O processo de capitulação de Boric e seu partido à manutenção da ordem capitalista também se expressa na atuação do aparato repressivo do Estado. Além da manutenção dos presos políticos das manifestações de 2019, desde o primeiro dia de governo de Boric, carabineros e forças armadas têm reprimido manifestações com intensa violência. O resultado disto foi o assassinato da jornalista Francisca Sandoval por milicianos durante uma manifestação no 1º de Maio. Também estamos vendo a crescente militarização dos conflitos na região do Wallmapu. Recentemente, o governo Boric contribuiu na detenção de Héctor Llaitul, um representante do povo mapuche. Contra isso, defendemos a libertação de todos os presos políticos de Piñera e Boric, além da punição de todos os envolvidos em casos de violação ao livre direito de manifestação da classe trabalhadora e da juventude. 

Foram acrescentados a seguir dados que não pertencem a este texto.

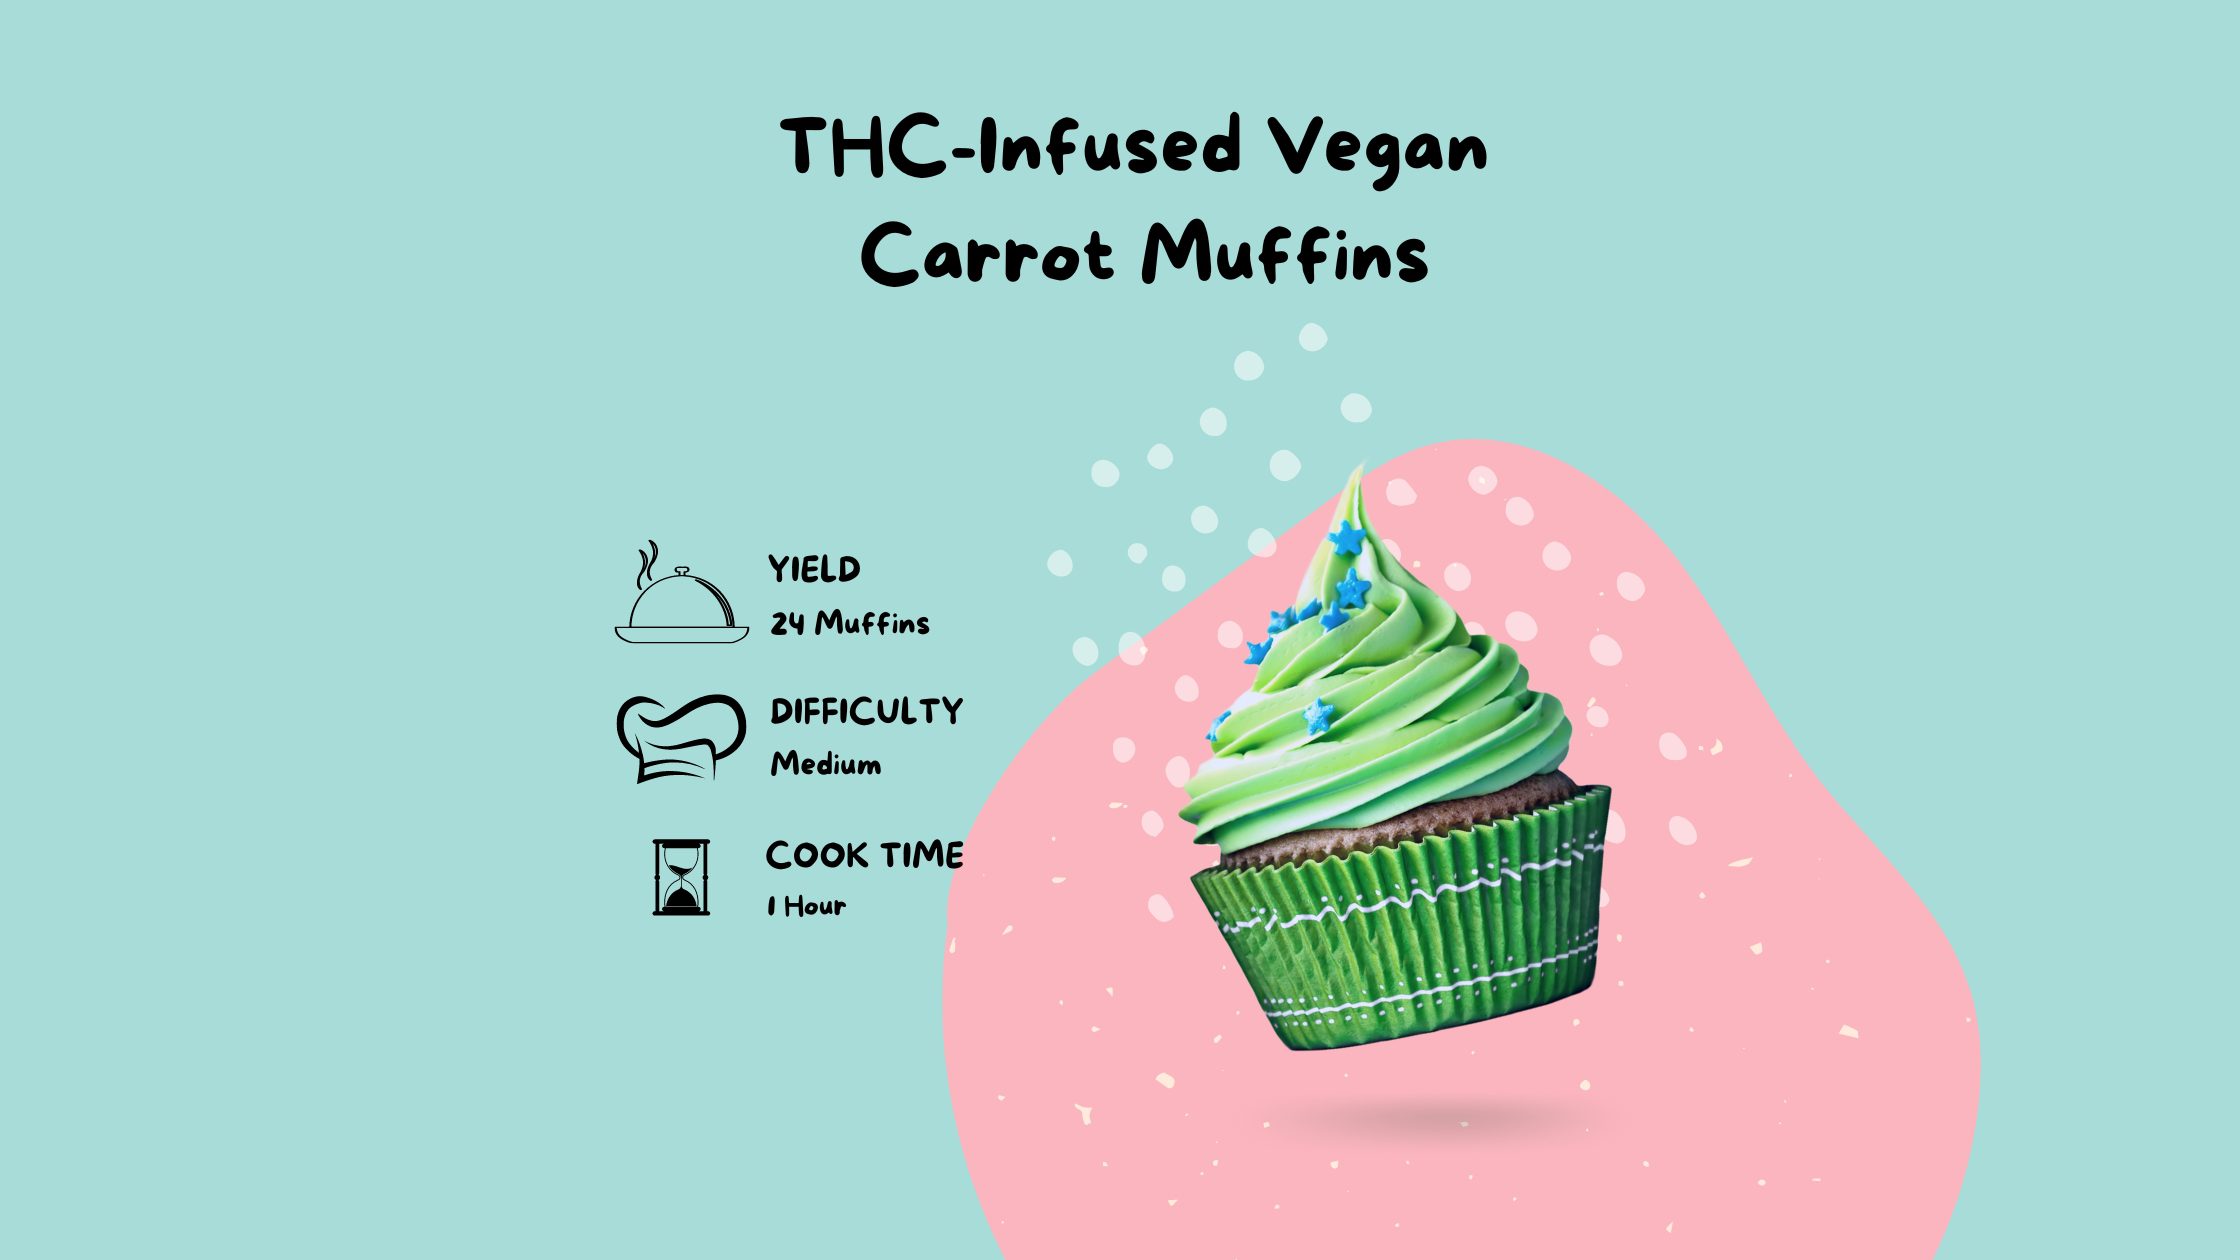 THC-Infused Vegan Carrot Muffins (2240 × 1260 px)

O desafio atual: Construir uma Alternativa Socialista!

A situação no Chile permanece explosiva. Diferentemente do que governantes e patrões afirmam, ainda há uma profunda indignação contra a desigualdade social no Chile. A classe trabalhadora chilena vem enfrentando um acelerado processo de degradação de suas condições de vida. A responsabilidade pelas recentes derrotas não reside na consciência atual da classe trabalhadora, mas sim  na política de conciliação de classes de Gabriel Boric e da coalização Apruebo Dignidad – Socialismo Democrático. Trata-se de uma política que distancia cada vez mais o governo e a classe trabalhadora. Com o agravamento da crise capitalista, o distanciamento pode ser maior e o vazio entre ambos pode ser preenchido por forças de extrema-direita que já disputam os rumos do Chile. 

Por outro lado, a piora das condições sociais e as sucessivas capitulações de Boric aos interesses do capital financeiro também podem resultar em uma nova onda de manifestações e greves. Há lutas fragmentadas em curso. 

Poucos dias após a vitória do Rechazo, as ruas de Santiago foram ocupadas por estudantes que lutavam por seus direitos, além de levantarem bandeiras fundamentais como: libertar os presos políticos, derrotar o TPP-11 e defender uma verdadeira assembleia constituinte soberana. Em 22 de setembro, como parte de um dia de homenagem aos dirigentes sindicais assassinados pela ditadura de Pinochet, houve um dia nacional de paralização dos portos no Chile. Da mesma maneira, em 18 de outubro houve o bloqueio de vias por trabalhadores precarizados organizados na Federação de Trabalhadores de Minas. Há ainda articulações para organizar paralizações e manifestações contra o TPP-11. Apesar de limitadas, são sinais das lutas que estão por vir. 

Somente a retomada das lutas poderá mudar o curso das capitulações de Boric ao capital e prevenir o crescimento da extrema-direita no próximo período. No entanto, a conjuntura recente mostrou que também é necessário que os setores mais avançados da classe trabalhadora e da juventude no Chile estejam armados com um programa socialista, capaz de enterrar, de uma vez por todas, o neoliberalismo e o que restou da ditadura de Pinochet no Chile. 

As lutas contra a TPP-11, a privatização da educação e contra o aumento dos preços dos alimentos devem estar associadas à construção de organizações políticas independentes que contribuam para a organização e mobilização do povo chileno. As ações diretas de 2019 que ainda ocupam a memória não bastaram. É urgente construir uma Alternativa Socialista no Chile. 


[1] Fernando Lacerda e Vilma Álvarez. As lutas no Chile: grandes riscos frente ao aprofundamento da crise capitalista. América Latina Socialista, 2, pp. 16-18 (jul/ago/set 2022).